The verse has two difficulties -- one in content, the other in form.

How can we understand the tryst between a son of Jacob and one of his wives?

How can we understand the tryst between a son of Jacob and one of his wives? This type of behavior is looked upon askance, considered taboo in almost every society. How could Reuben have crossed this incestual boundary?

The second question is not as striking, but disturbing nonetheless: After telling us of this deed, why does the Torah begin a new paragraph in mid-verse?

The Talmud is quick to answer one question while effectively solving the second:

Rabbi Samuel ben Nahman said in Rabbi Jonathan's name: "Whoever says that Reuben sinned is merely making an error, for it is said, Now the sons of Jacob were twelve, teaching that they were all equal." (Shabbat 55b)


* * *



It seems fairly simple to state that the assumption that Reuben sinned is erroneous, but the text itself seems to state as much in black and white. The Talmud continues:

"Then how do I interpret, and he lay with Bilhah his father's concubine? This teaches that he transposed his father's couch, and the Writ imputes [blame] to him as though he had lain with her." It was taught, Rabbi Simeon ben Eleazar said: "That righteous man was saved from that sin and that deed did not come to his hand. Is it possible that his seed was destined to stand on Mount Ebal and proclaim, 'Cursed be he that lies with his father's wife,' yet this sin should come to his hand? But how do I interpret, and he lay with Bilhah his father's concubine? He resented his mother's humiliation. Said he, 'If my mother's sister was a rival to my mother, shall the bondmaid of my mother's sister be a rival to my mother?' [Thereupon] he arose and transposed her couch. Others say, He transposed two couches, one of the Shechinah and the other of his father. Thus it is written, 'Then you defiled my couch on which [the Shechinah] went up.'" (Shabbat 55b)

According to this passage Reuben acted in an inappropriate manner, but he was not guilty of the heinous crime of taking his father's wife, merely involving himself unjustifiably in his father's personal affairs, is considered tantamount to actually have violated her.

Reuben's motivation was his mother's honor.

His motivation, as understood by Rav Shimon, was his mother's honor. It was one thing for his mother to have been displaced for Rachel, but quite a different matter to be displaced by her servant. Deep inside, everyone including Leah, and her son Reuben knew that Jacob loved Rachel more than anyone else.
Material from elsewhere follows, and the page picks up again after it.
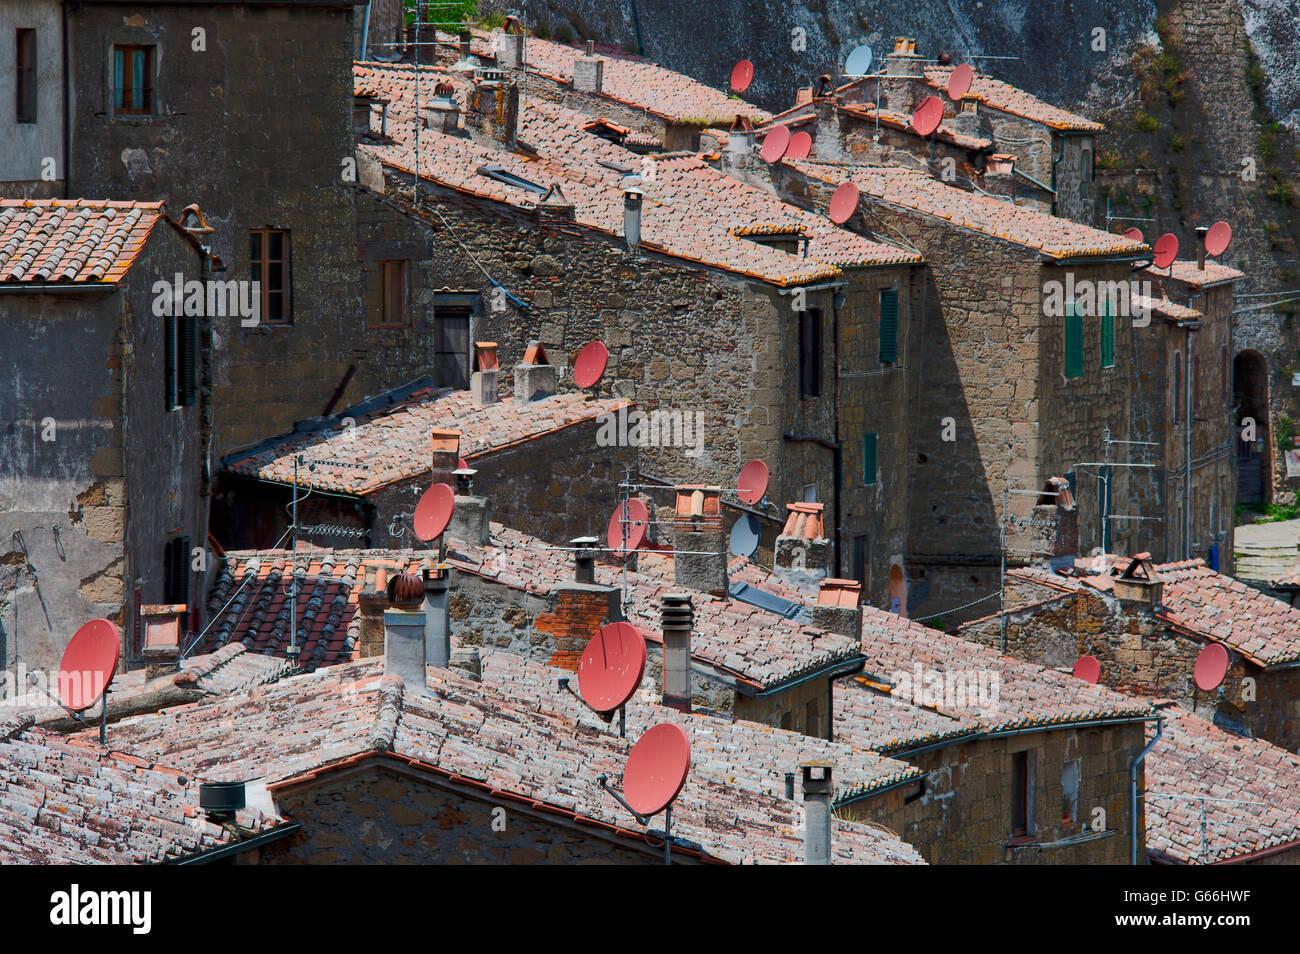 Satellite Tv dishes on terracotta tiled roofs in Sovana - Stock Image

But once Rachel was in the grave, Jacob should assume his rightful place in the tent of Leah. For some reason Jacob disagreed, and with Rachel's demise he moved his bed to the tent of Bilah. Reuben set out to right this wrong, and earned eternal infamy for involving himself in "matters of the bedroom" which were not his business.


* * *



Despite this exoneration, the text does seem somewhat unequivocal. Additionally, Jacob comments on this episode on his death bed in most unflattering terms.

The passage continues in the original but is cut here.